LightGBM Trees¶

LightGBM (Light Gradient Boosting Machine)¶

A decent chatGPT summary:

LightGBM is a fast, distributed, high-performance gradient boosting framework primarily used for machine learning tasks such as classification, regression, and ranking. It is designed to handle large datasets and provides excellent performance for both sparse and dense data. LightGBM stands out due to its efficiency and speed, especially for large-scale datasets.

Key Features:¶

  • Gradient Boosting Framework: It builds an ensemble of decision trees by sequentially adding trees to correct the errors of previous ones, improving predictive accuracy.
  • Leaf-wise Tree Growth: Unlike traditional depth-first growth in decision trees, LightGBM grows trees leaf-wise, leading to faster convergence and better accuracy, especially with larger datasets.
  • Categorical Feature Support: LightGBM supports categorical features directly, eliminating the need for explicit one-hot encoding or other preprocessing steps.
  • Efficient Memory Usage: The algorithm is optimized to handle large datasets with less memory overhead by using techniques like histogram-based splitting.
  • Distributed Training: LightGBM supports parallel and GPU learning, making it highly scalable.

Key Advantages:¶

  • Faster Training: LightGBM uses histogram-based algorithms, which reduces the computational cost during training and makes it faster than other gradient boosting frameworks.
  • Scalable: Suitable for both small datasets and big data, it can be scaled effectively across machines or GPUs.
  • Automatic Handling of Categorical Data: LightGBM automatically handles categorical features, simplifying the preprocessing pipeline.

Common Use Cases:¶

  • Classification and regression tasks
  • Ranking problems, such as in recommendation systems
  • Handling large-scale datasets with many features

The Restaurant dataset¶

Here we run it on Restaurants. It requires some tweaking to work on a dataset this small. But it does handle categorical features without conversion.
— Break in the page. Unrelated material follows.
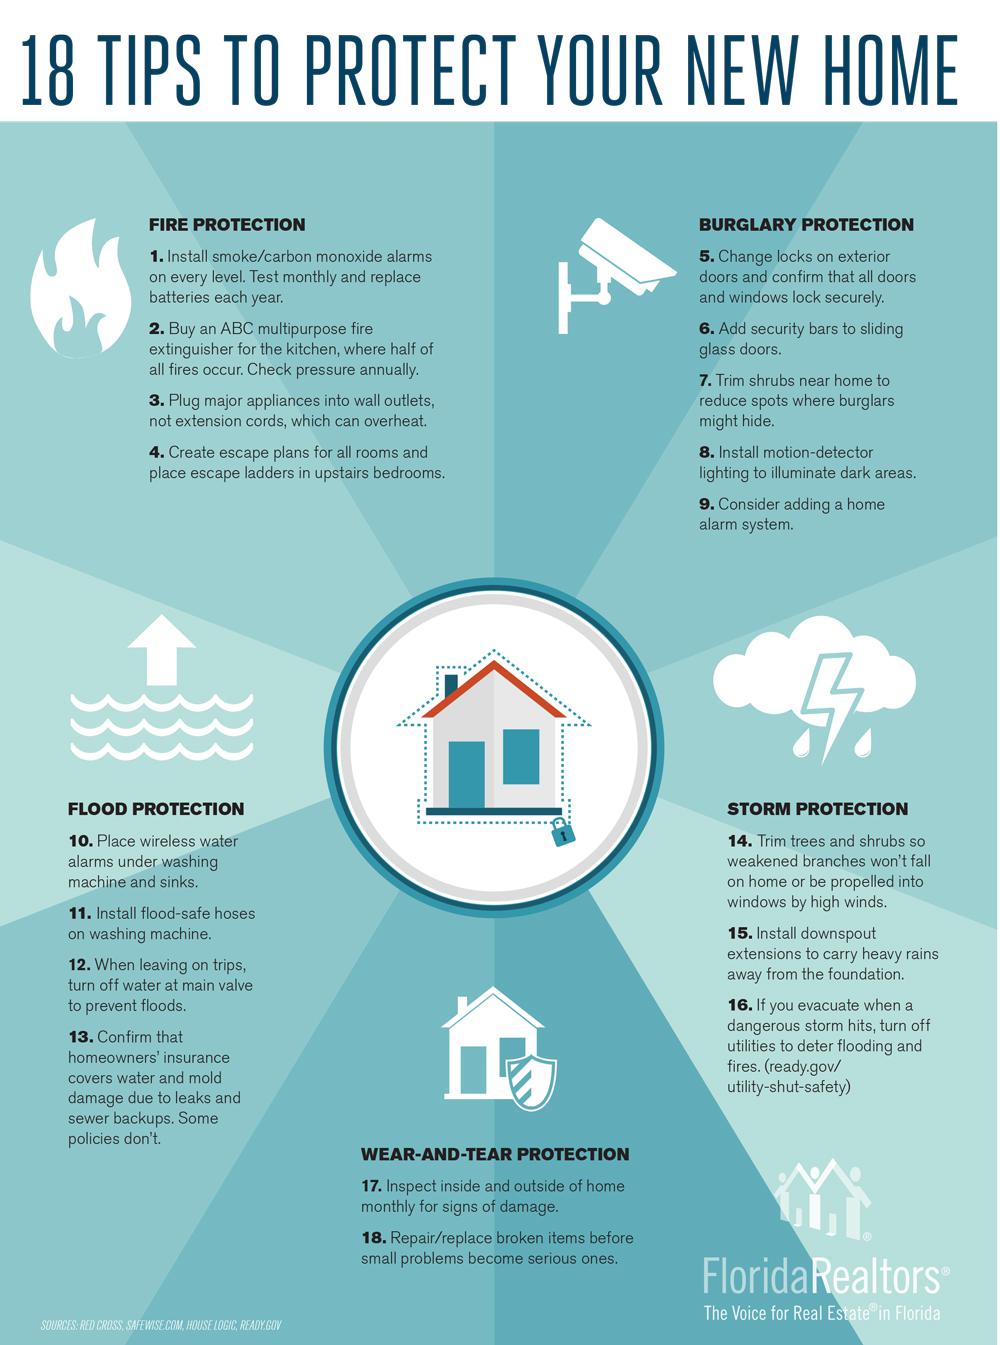 18 TIPS TO PROTECT YOUR NEW HOME
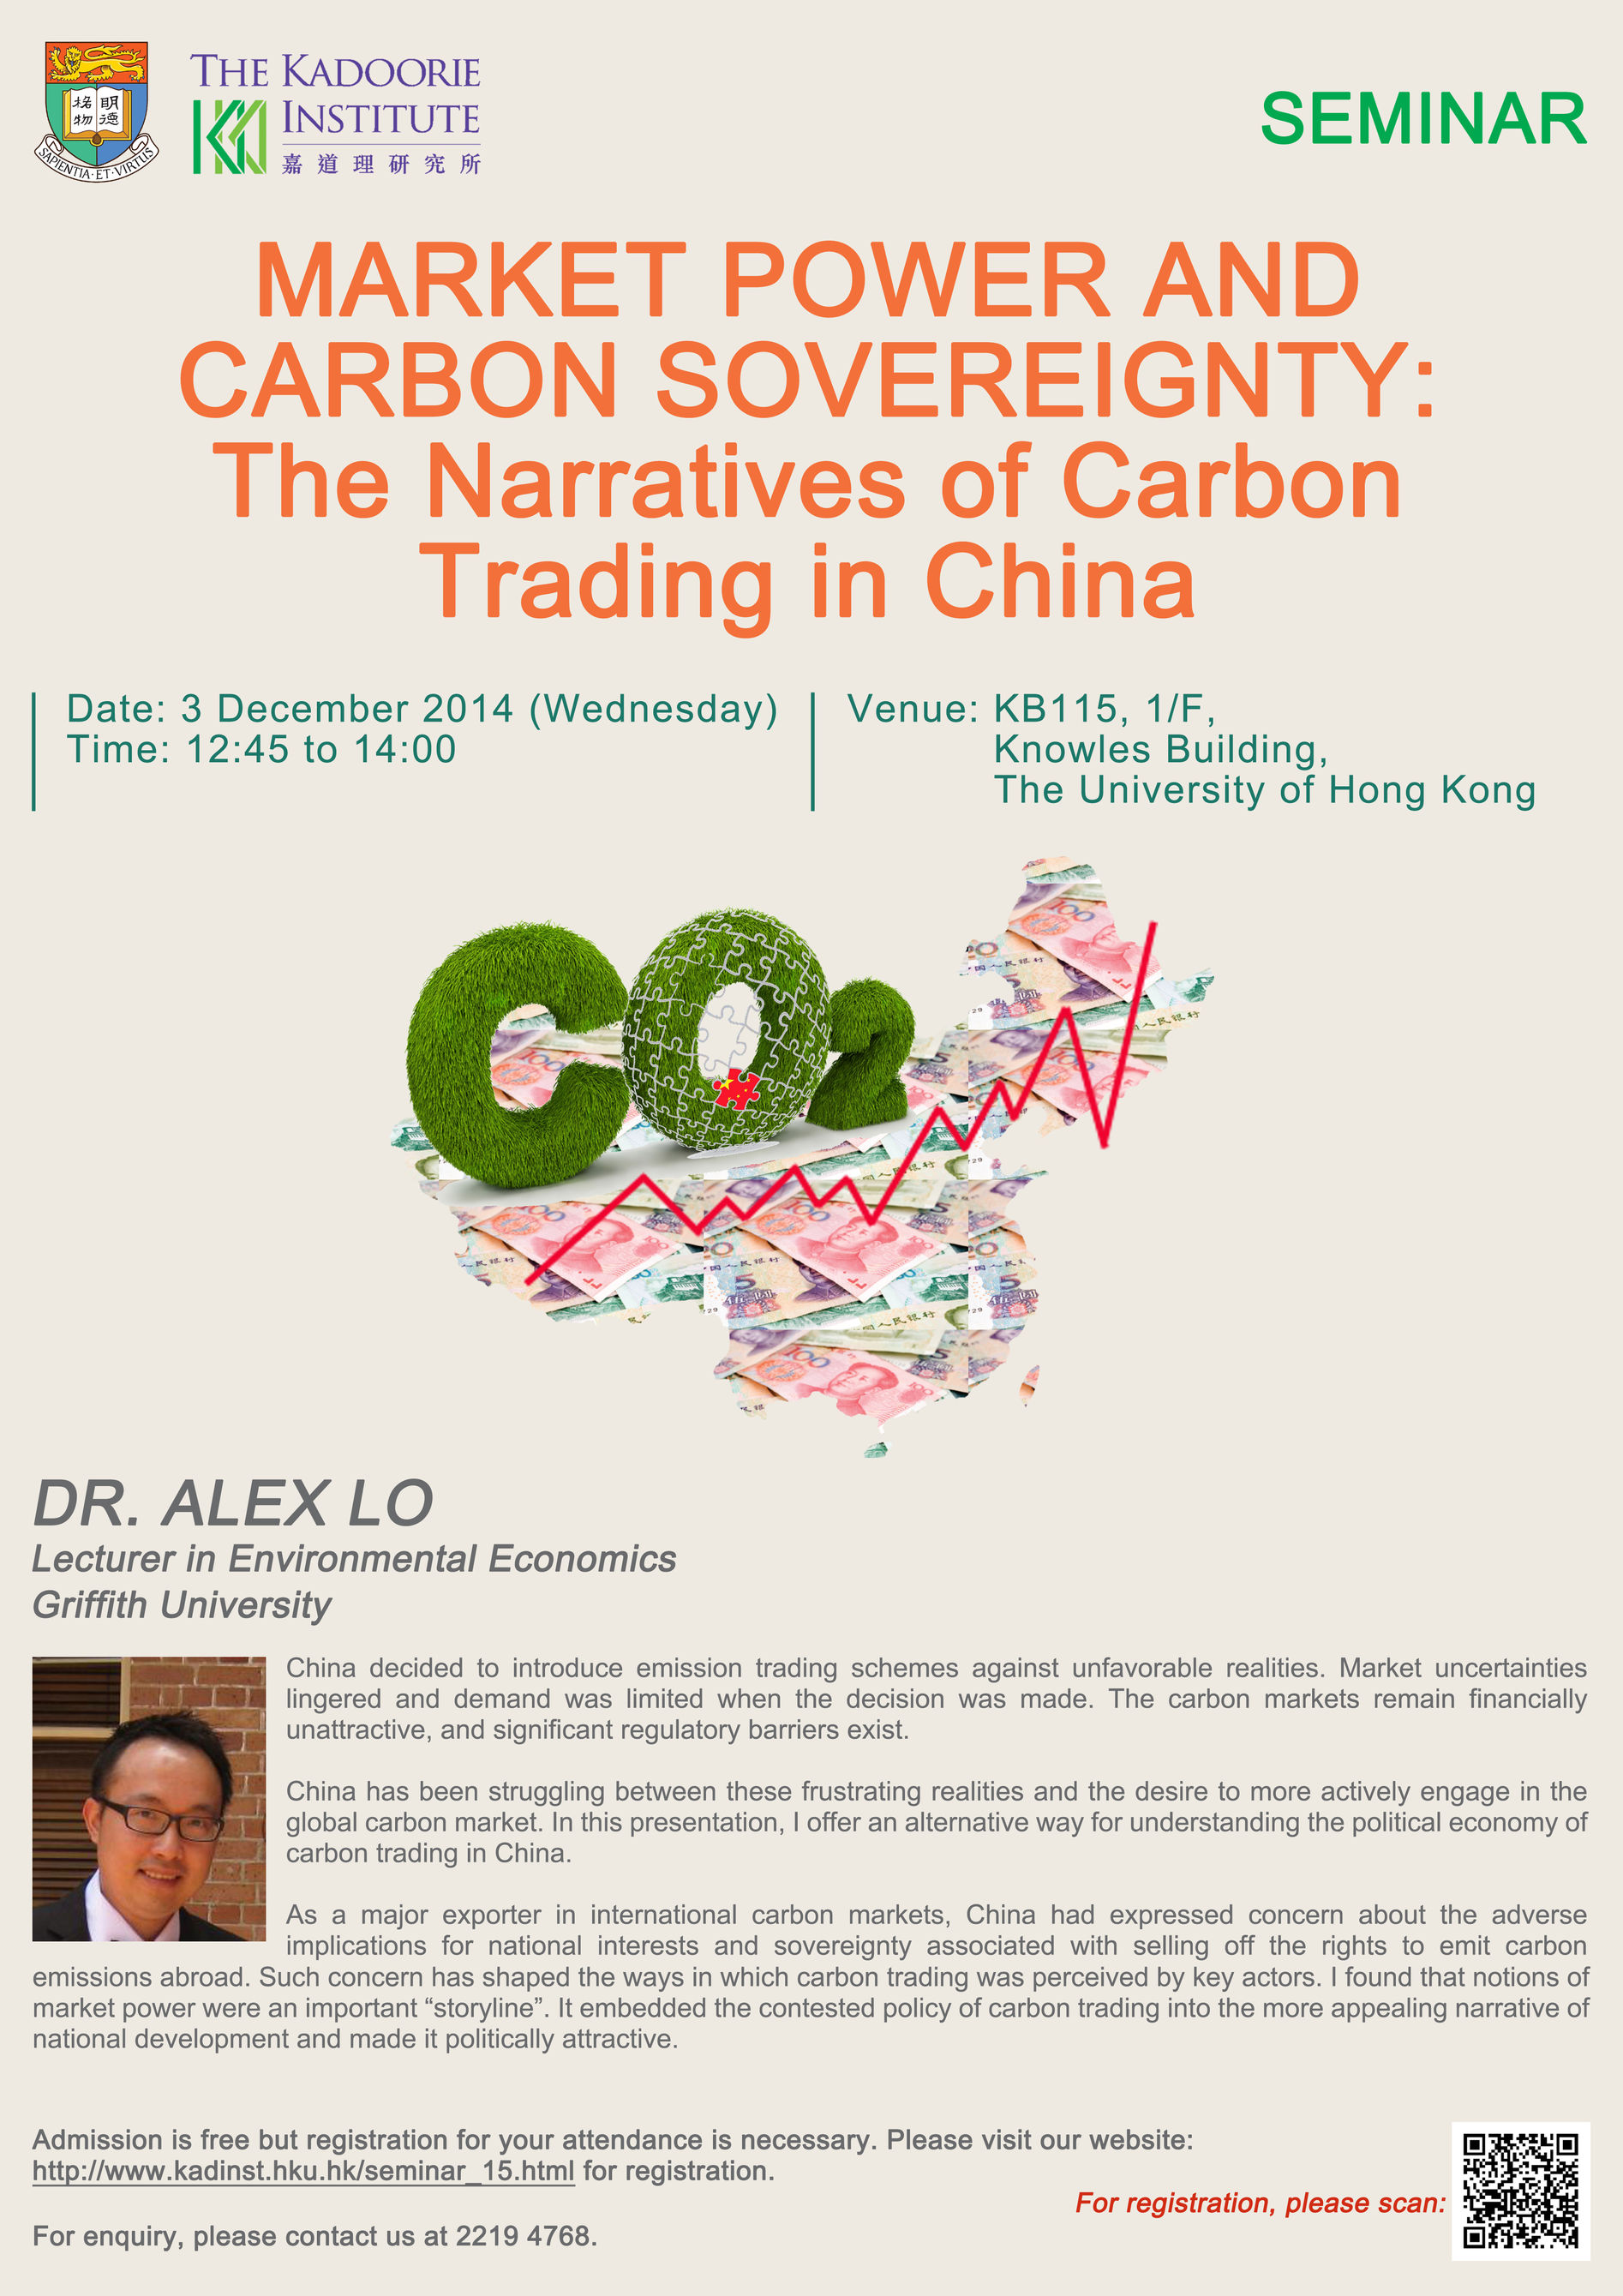 Seminar on Market Power and Carbon Sovereignty: The Narratives of Carbon Trading in China

Unfort

In [36]:
import lightgbm as lgb
import pandas as pd
from sklearn.model_selection import train_test_split
import matplotlib.pyplot as plt

# Sample synthetic dataset (similar to Restaurant WillWait)
data = pd.read_csv('restaurant2.csv')

# Separate features and target
X = data.drop(columns='WillWait')
y = data['WillWait']

# Convert categorical columns to category dtype
categorical_columns = list(X.columns)
for col in categorical_columns:
    X[col] = X[col].astype('category')

# Split data
X_train, X_test, y_train, y_test = train_test_split(X, y, test_size=0.3, random_state=42)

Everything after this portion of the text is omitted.